伴随着爆炸般的巨响,血气方刚的佣兵飞了出去,他在空中滑行了十几米,像一颗被击飞的棒球,最后撞上了远处的榉树。
咔嚓!
树干被拦腰撞断,枝叶哗啦啦地倾泻而下,那种冲击力,就算断几根骨头也不奇怪。
露西一如既往地,身为魔法师却不怎么使用战斗魔法。
那根本不能称之为魔法。
那只是纯粹的物理力量,简单来说,就是暴力。
她将庞大的魔力压缩到极限,储存在体内。
当这些魔力释放时,产生的物理力量足以让任何干涉变得不可能。
没有破解的方法。
或者说,有也等于没有。
唯一的破解方法是用比露西更庞大的魔力压制她的物理力量。
当然,这根本不可能,西尔维尼亚没有第二个人拥有这种规模的魔力。
手段越粗暴,应对方式也只能越粗暴。
然而,这种粗暴的应对方式也完全依赖于魔力量,因此露西的魔力压缩绝对无法被破解。
佣兵队员们没有一个人敢动。
在漫长的岁月中,他们经历过无数次生死考验,有着自己的骄傲。
无论面对多么可怕的敌人,他们都不会抛弃同伴逃跑,但他们也无法对抗露西。
因此,他们只能无力地站在原地。
"大叔你是领袖吧。
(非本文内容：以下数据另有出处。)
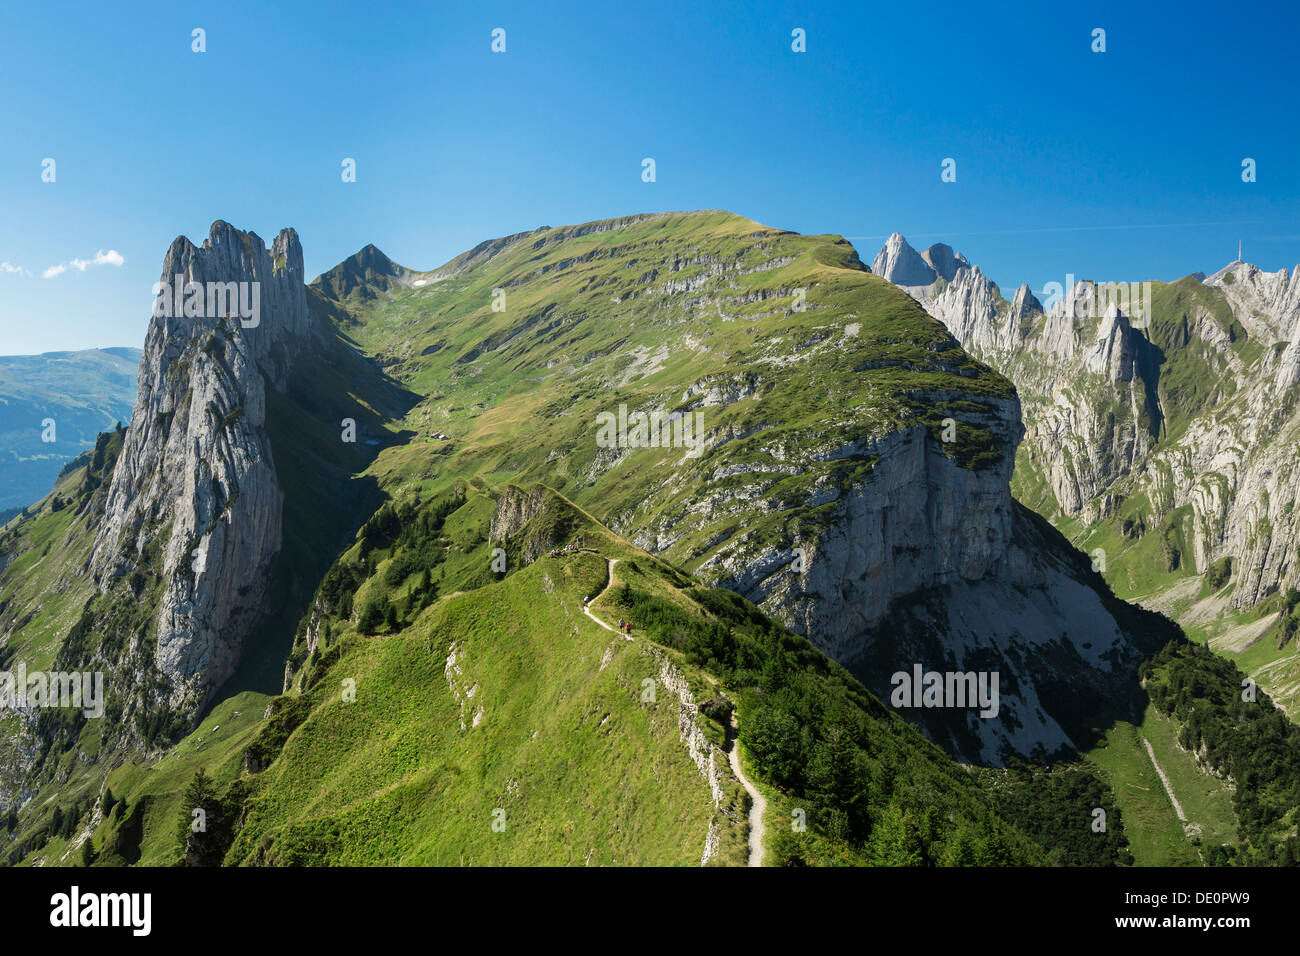 Aussicht über den Alpstein-Bereich mit dem Kreuzberge Berge, Alpstein,  Appenzell, Schweiz, Europa Stockfotografie - Alamy

只要抓住大叔就行了。"
露西用清脆的声音说道,抬起头看向埃尔特,她的声音像铃铛一样干净,和眼前的场面形成了诡异的反差。
埃尔特颤抖着咬紧牙关,启动了魔导具。
抑制魔力的特殊力量从埃尔特手中释放,暗紫色的光芒像雾一样扩散。
但露西纹丝不动,她的魔力像海水一样深邃,区区一个抑制魔法阵就像往海里撒了一把盐。
你可以舀干湖泊,但无法舀干海水。
这个事实太过明显,连埃尔特也不得不接受,他的手在发抖,卷轴从指间滑落,飘到地上。
就在露西伸手抓向埃尔特的瞬间……
"喂。"
一名金发少年挡在了埃尔特和露西之间,他跑得气喘吁吁,样子看起来并不怎么体面,制服皱巴巴的,头发乱得像鸟窝,膝盖上还沾着地下水道的泥。